Others push limits, which can help the timid achieve positions they had never dreamed possible. But people get hurt, too. Over the last 10 years, yoga injuries have resulted in an estimated 20,000 emergency-room visits nationally.

"Not every pose is for everyone," says McLane, of Pacific Yoga. Part of the responsibility lies with the student, she says, to let the teacher know about injuries and limits.

Given the breadth of yoga styles and philosophies, students naturally gravitate to the classes that suit them best.

Restorative. Meditative. Power. Yin. Kundalini. Hatha. Vinyasa. Iyengar. Two studios in the city - Kaya and Amrita - offer aerial yoga, in which students are suspended from the ceiling by long loops of silky fabric.

Within each studio, personalities and philosophies can differ dramatically. Some teachers are acrobatic show-offs, balancing on a hand while cantilevering their bodies in effortless contortion - to inspiring or demoralizing effect.

Some spend 15 minutes leading chants in Sanskrit. Some ring bells, burn incense, or sing. Some play CDs - usually Indian music, but also classical, new age, soft rock, and rippling brooks.

In workshop classes, students may devote 30 minutes positioning their elbows or trying to redistribute the weight in their hands.

'A fad'

White, 70, an advanced teacher of the rigorous Iyengar method who gave classes at Penn for 27 years, has watched the recent boom with concern.

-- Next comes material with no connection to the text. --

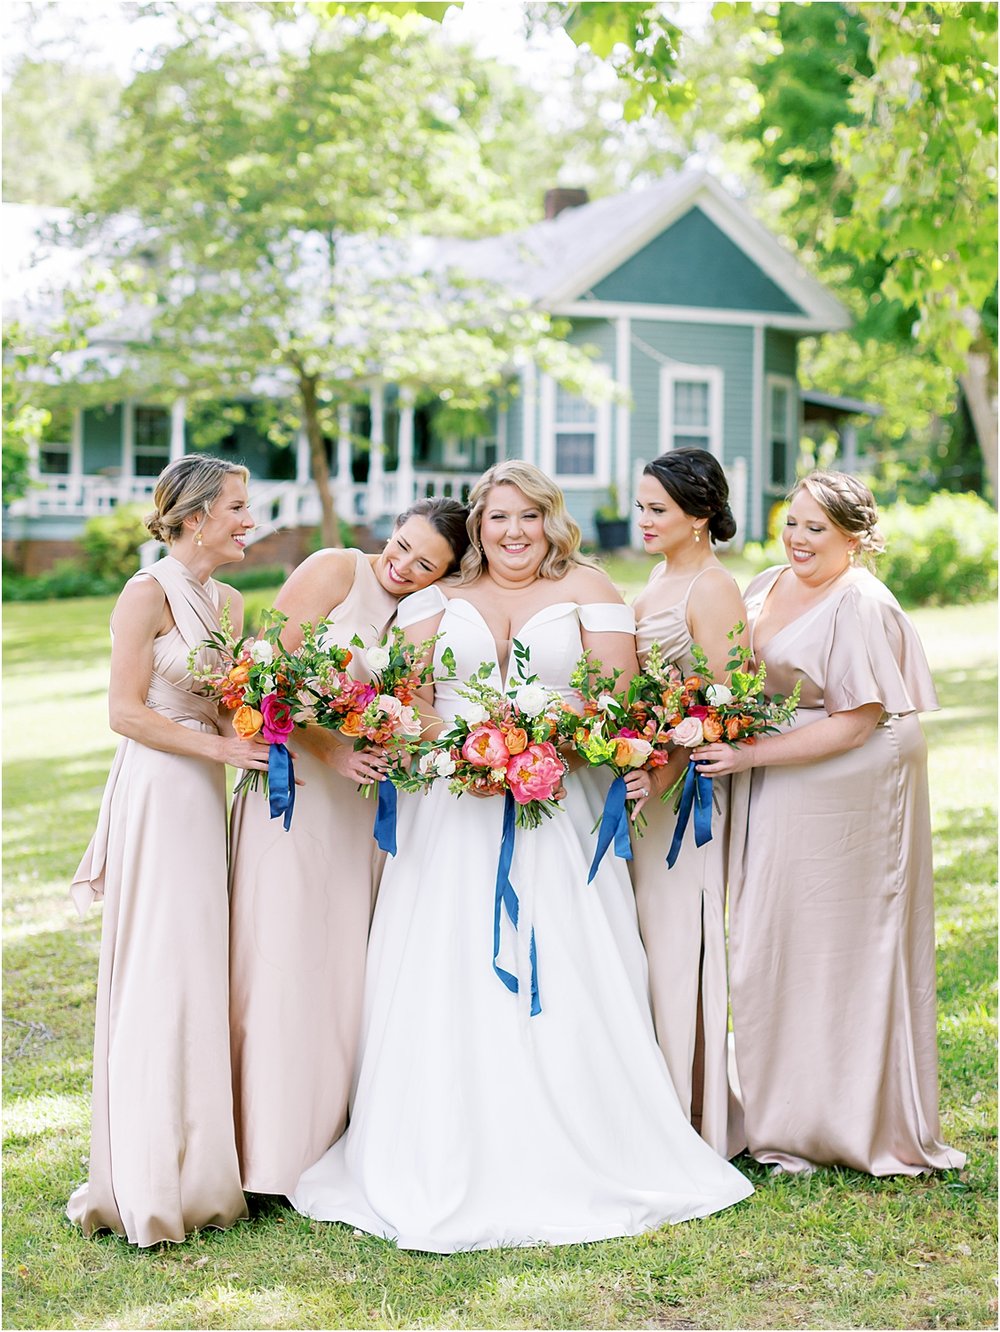 Just a bride and her besties - Southern summer wedding elegance

"It's a fad," she said. "It started when aerobics became less popular. . . . People were looking for another form of workout."

Most studios teach exercise routines rather than true yoga, she says - "yoga is a transformative discipline for the mind."

White, who continues to train students and teachers in her West Philadelphia school, says much of what passes for teacher training now is insufficient and misguided. As a result, students are encouraged to compete with themselves or others to achieve difficult poses, risking injury.

Nevertheless, White sees an upside to the yoga (or yoga-like) movement: that people may be drawn to serious study.

To do that, White says, students need to turn inward.

"Where are people taught to find peace in themselves? To go beyond all this materialism?" she asked. "You never get what you want if you are constantly in a state of desire."